Nous avons décidé de recruter 60 000 personnels de l'éducation nationale, ce qui impliquait, comme vous en avez fait la remarque, 60 000 postes de moins dans les autres administrations de l'État. Nous avons dérogé à la règle après le 11 janvier et la révision de la loi de programmation militaire, demandée par presque toutes les familles politiques, et repris le chemin des créations de postes à la défense. Entre les postes créés et les postes supprimés, nous avons besoin de 8 300 postes pour couvrir les besoins en termes de sécurité extérieure et intérieure.

Le Premier ministre a indiqué qu'une négociation avec les syndicats aurait lieu en 2016 sur le gel du point d'indice. Ce gel a conduit à une économie considérable de 7 milliards d'euros.

J'ai déjà répondu sur le supplément familial de traitement. On me dit toujours d'aller voir en Allemagne : je m'y suis rendu et j'ai vu que ce pays avait développé le supplément familial de traitement pour ses fonctionnaires.

Vous avez rappelé la sur-rémunération du temps partiel : 90 % payés à 96 %, 80 % payés à 86 %. C'est une mesure juste pour les femmes, qui représentent 90 % des bénéficiaires. Son principal fait générateur est l'absence de services à la petite enfance dans certains territoires. La mesure préserve leur pouvoir d'achat ainsi que leurs futures retraites – les pensions des femmes fonctionnaires sont plus faibles, du fait des interruptions de carrière pour élever leurs enfants. Nous la maintenons donc.
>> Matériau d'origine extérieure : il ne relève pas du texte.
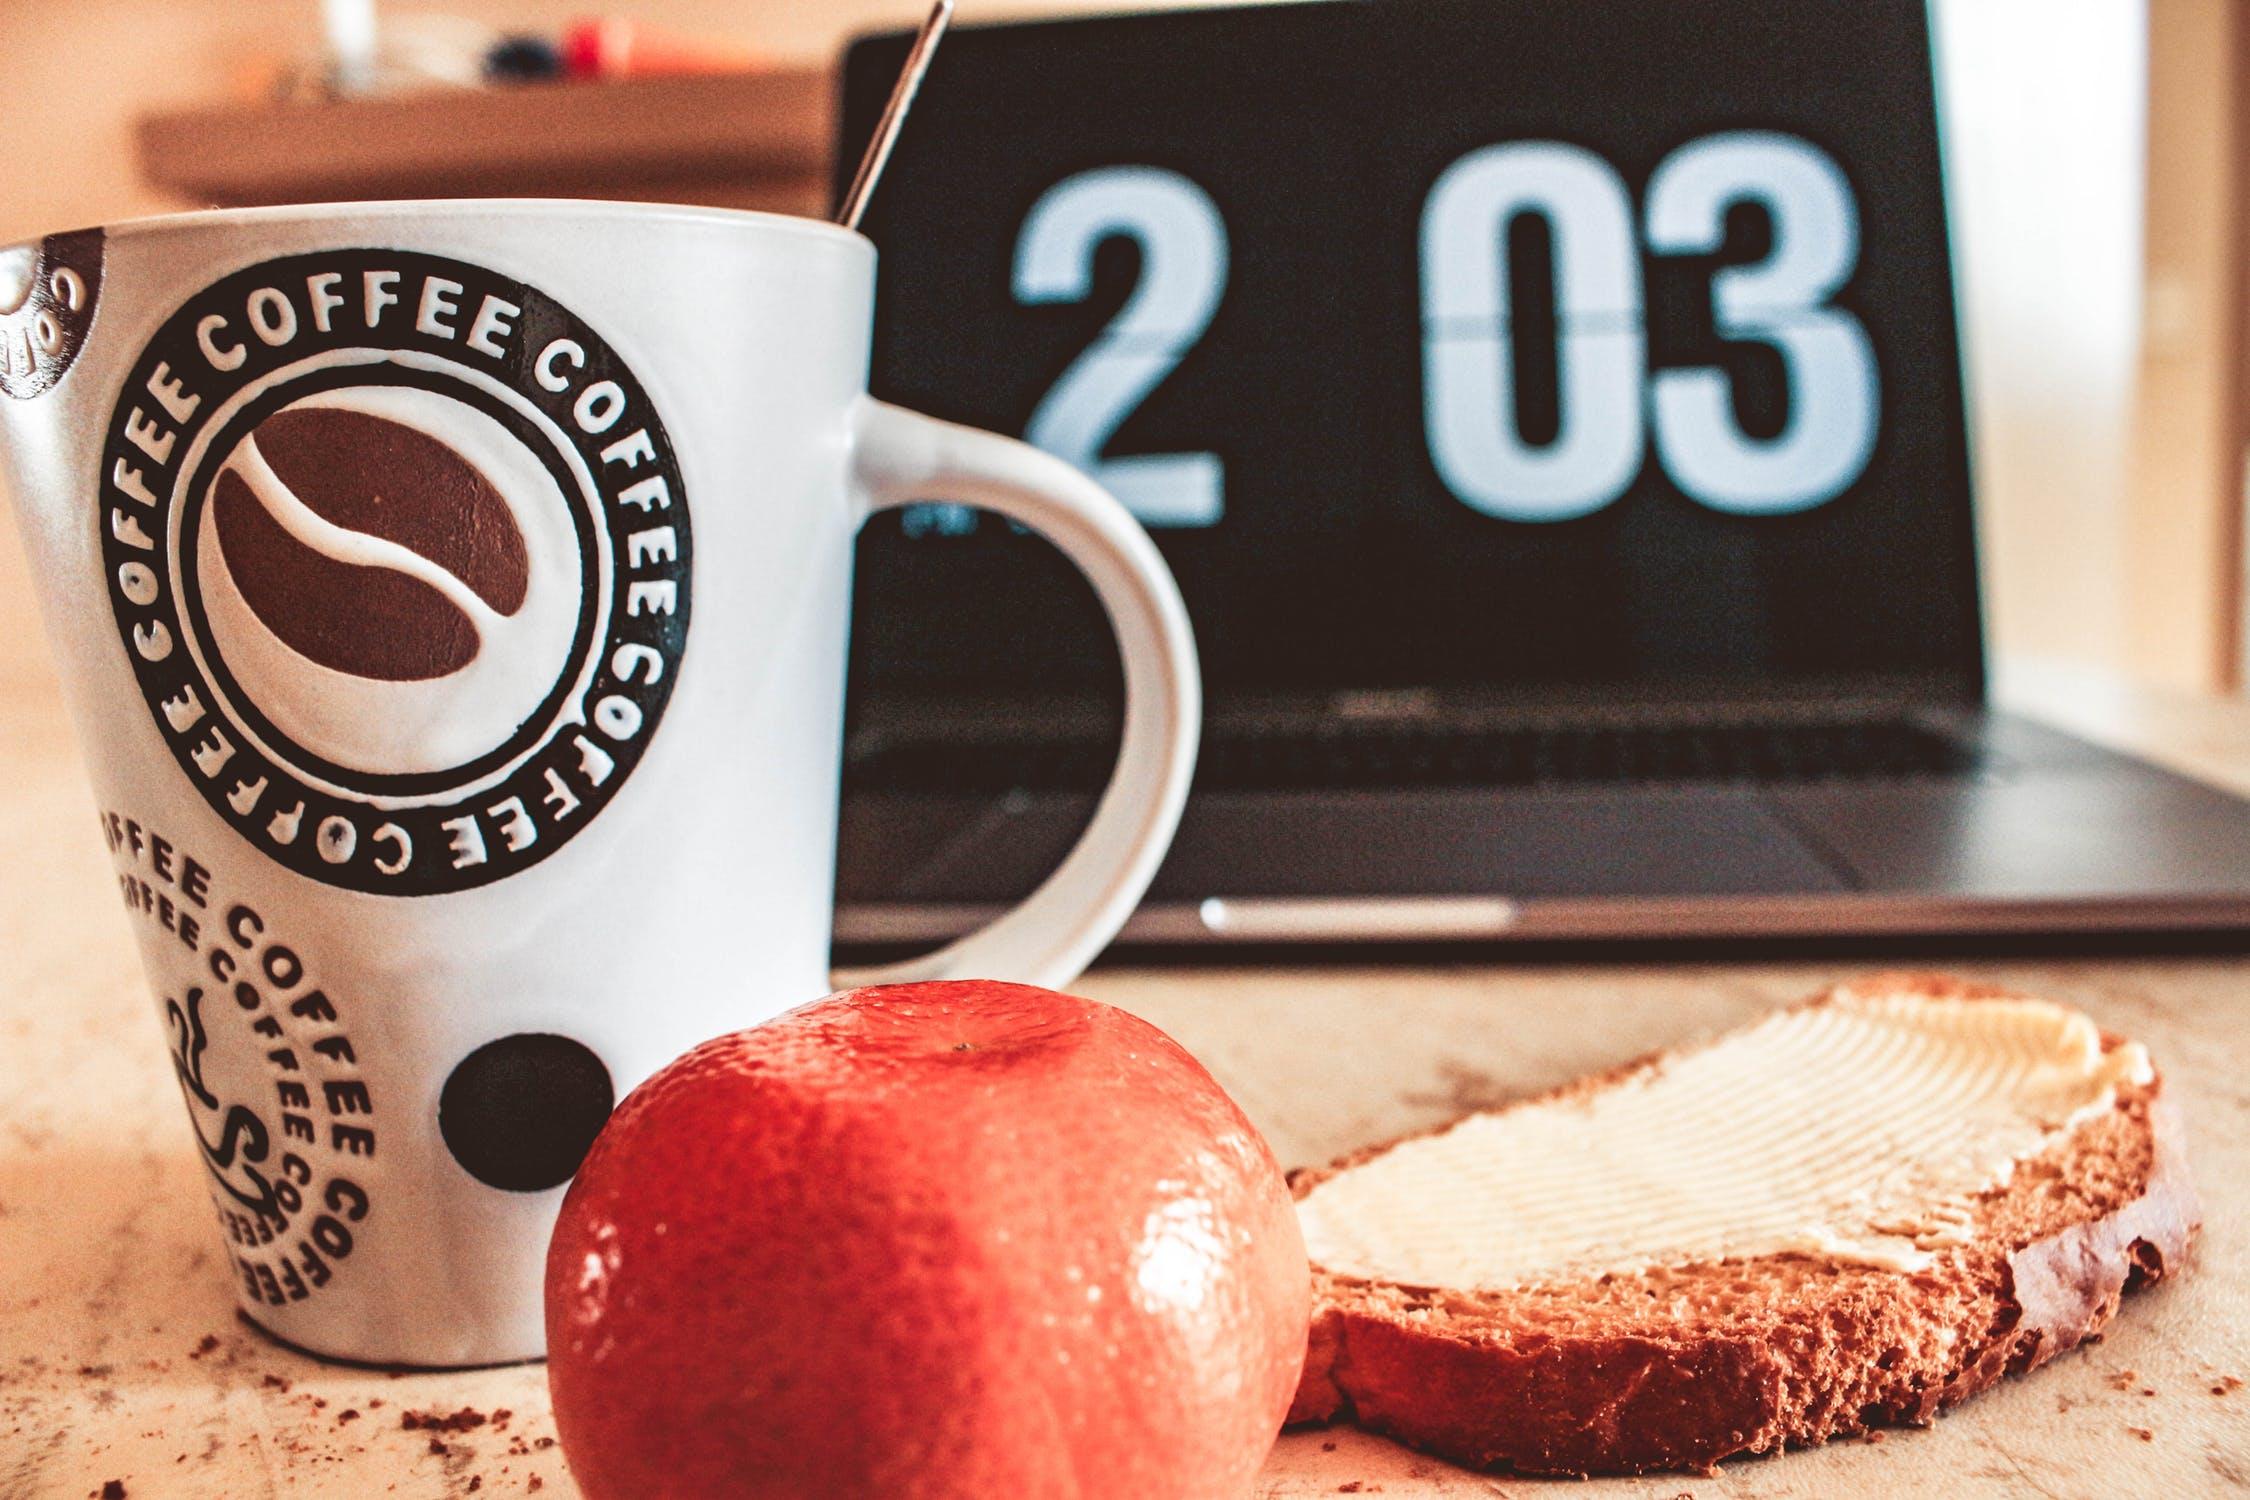 breakfast, productivity, bread, apple, coffee

Je vous remercie de vos apports et des compliments que vous avez adressés à notre fonction publique. Il faut soutenir nos fonctionnaires, qui sont assez démoralisés par les marronniers, le plus souvent négatifs, qui les concernent. Les fonctionnaires n'assurent pas tant la solidité de l'État que celle de la nation. Nous sommes en train de négocier avec les syndicats sur la qualité de vie au travail. Certaines situations sont très difficiles, notamment dans les services d'accueil. Nous avons beaucoup travaillé avec les préfets et les directeurs pour qu'un fonctionnaire puisse changer de poste au cours de la journée, car l'accueil peut être une fonction très lourde, très dure. Considérez par exemple l'accueil des migrants, où une décision doit être prise rapidement pour déterminer s'il s'agit d'une demande d'immigration économique ou bien d'une demande de refuge présentée par un migrant pour sauver sa vie.